Thomas Bradshaw has written “revisions” that create a narrator who also gets to play no fewer than 17 roles.
The lucky and necessarily very talented comedian who takes on that awesome assignment is Michael Cyril Creighton. As narrator, Creighton recalls a fey Rod Serling, leading us through the “Twilight Zone” of this story where an office apparatchik, Mr. Zero (Daphne Rubin-Vega), murders his boss, gets the chair for his crime and meets in the afterlife his true love, Daisy (Sarita Choudhury), who has committed suicide by sticking her head into an oven and turning on the gas despite the stink making her nauseous.
Elsewhere in the story, Creighton plays no fewer than a dozen guests at a dinner party hosted by Mr. Zero and his wife, Mrs. Zero (Jennifer Tilly). A few weeks ago, I wrote about the wonderful new comedy “Mother Russia” and how the eating of a Filet-O-Fish was the most comically “delectable scene on the New York stage right now.” Lauren Yee’s play closed Off Broadway a couple of weeks ago, so the honor of that Most Delectable Eating Scene now goes to Creighton in “The Adding Machine.”

Today, it’s AI. Back in the 1920s, it was the adding machine that replaced a lot of office workers like Mr. Zero. Scott Elliott is very wise in his astute direction of this revival to keep the action way back in the past. He’s helped there by terrific work by two Broadway stalwarts, costume designer Catherine Zuber and scenic designer Derek McLane, who turns the upstage wall of the stage into a potpourri board of antique lamps and machines. Jeff Croiter’s lighting recalls the classic silent films of F.W. Murnau and Fritz Lang; however, even those masters of the cinema never came up with anything as thrilling and horrifying as what Croiter does to electrocute Mr. Zero.
There’s so much male drag in theater nowadays, it’s exciting to see a woman cross-dress to such phenomenal success as does Rubin-Vega in “The Adding Machine.” Men wearing women’s clothes is funny because you end up with a big woman. When women cross-dress, it’s not as funny. You just end up with a small man, which is precisely what works here. Rubin-Vega’s Mr. Zero lives up (or down) to his name. She also does something else: Rubin-Vega fully embraces the utter inhumanity of this little man with all his petty bigotries regarding gender, sexual orientation and race. He has no humanity left because he has become a machine, and Mr. Zero needs someone — anyone — to ridicule.

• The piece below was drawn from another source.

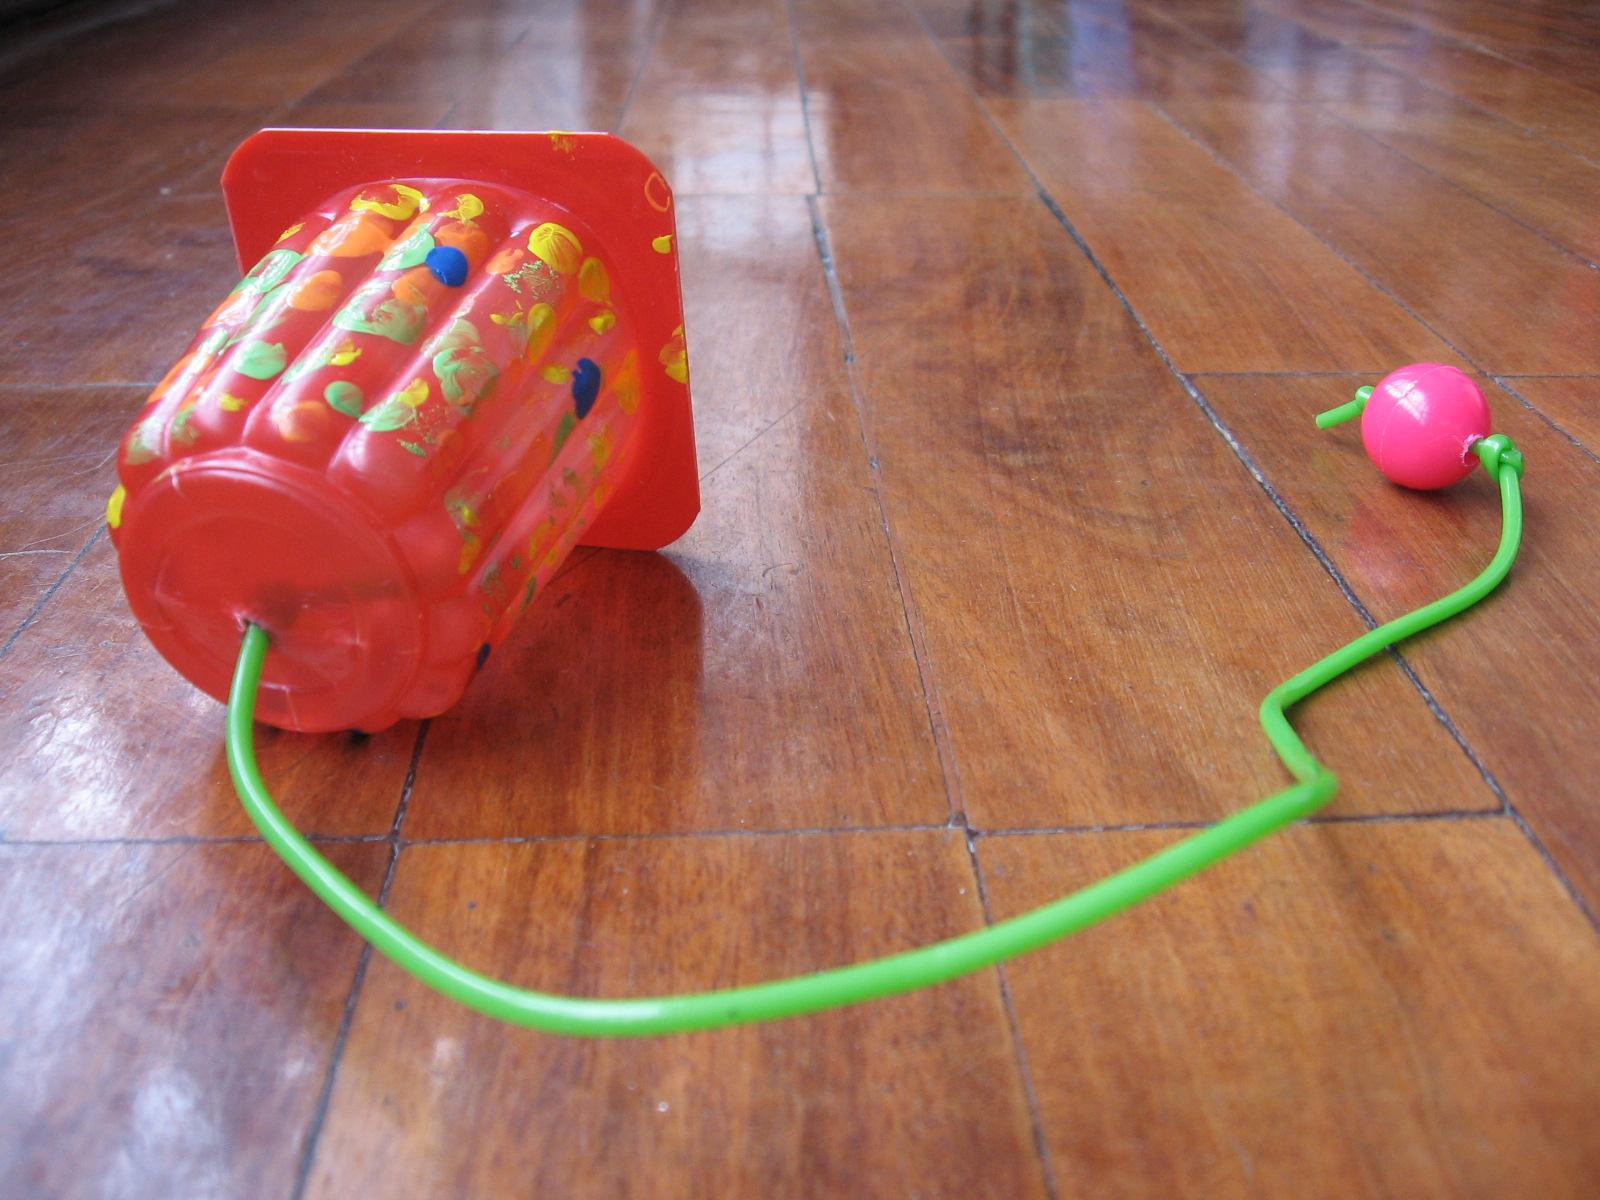 Pl stico papel o cart n creando 3 juguetes con material - Plastico inyectado casero ...
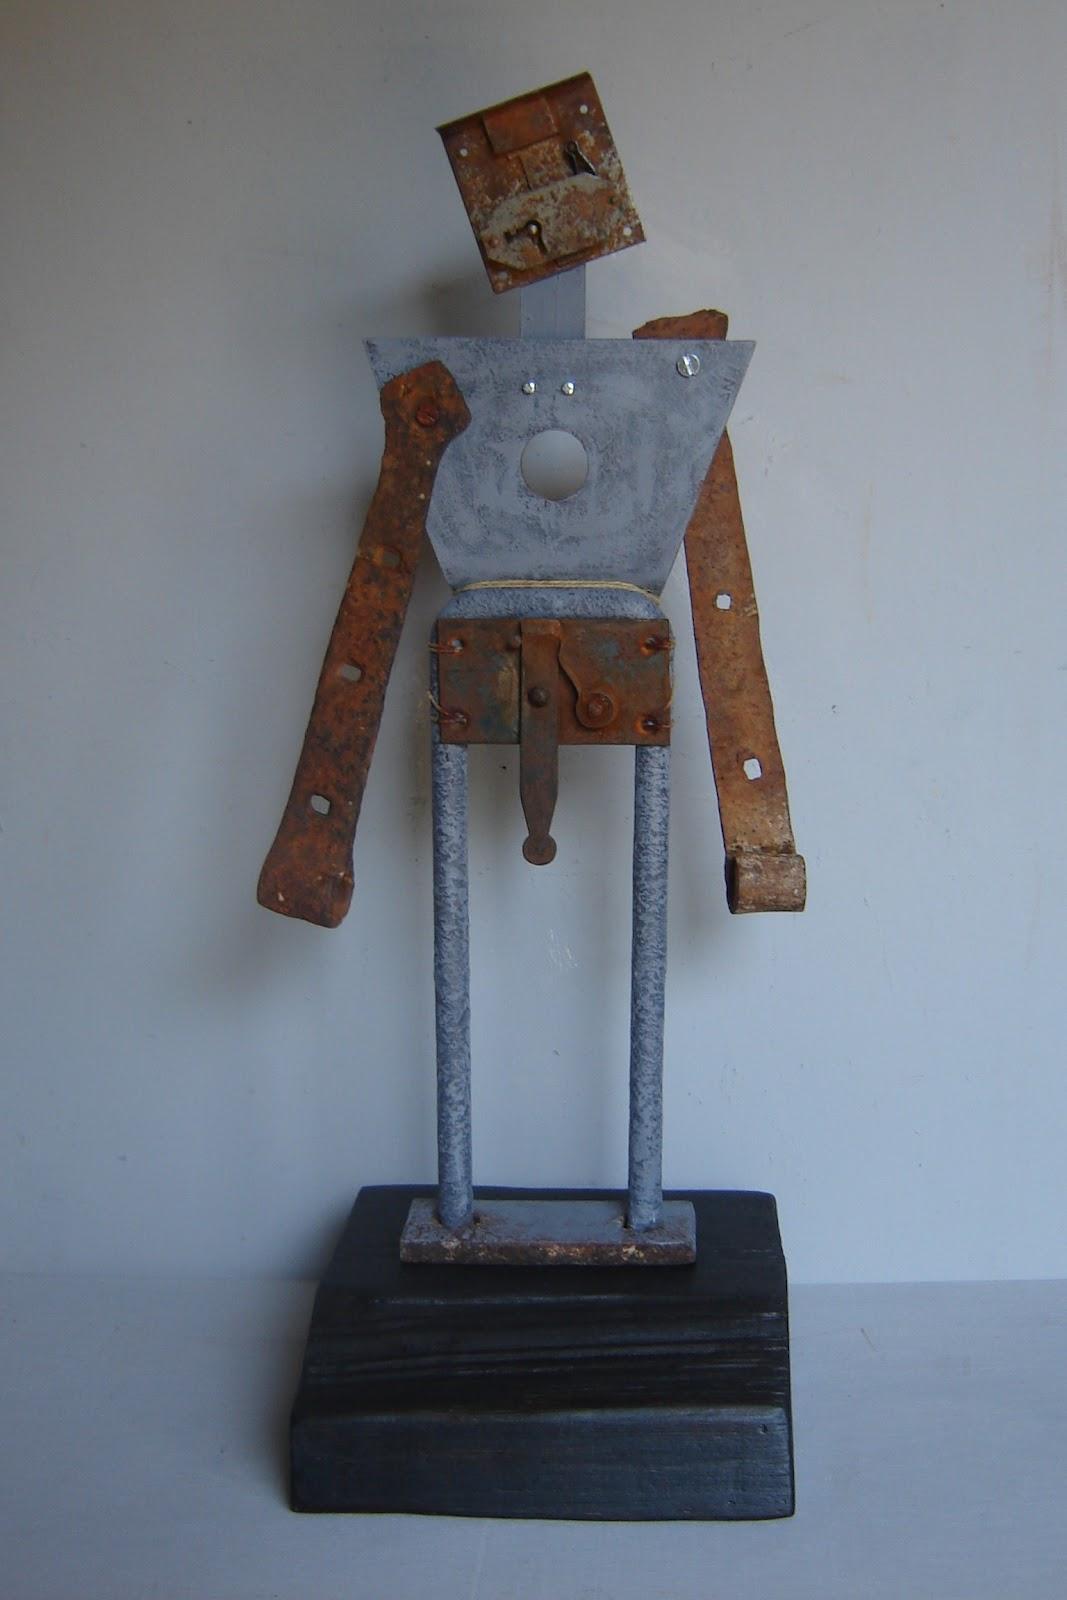 esculturas abstractas y ensamblajes artsticos hechos con materiales encontrados

With a less gifted cast, “The Adding Machine” could be a real trial to sit through. The first act is a series of monologues, some of which are delivered directly to the audience. As Mrs. Zero, Jennifer Tilly gets the first long speech as she sits in bed next to a catatonic husband who has bored her into distraction, and overeating, for years. This scene and the one on Death Row where Mrs. Zero brings her husband his favorite dish of ham and eggs are comic gems. Tilly has arrived at that wonderful Shelley Winters stage of her career, and she should be getting some of those roles that Jennifer Coolidge continues to gobble up.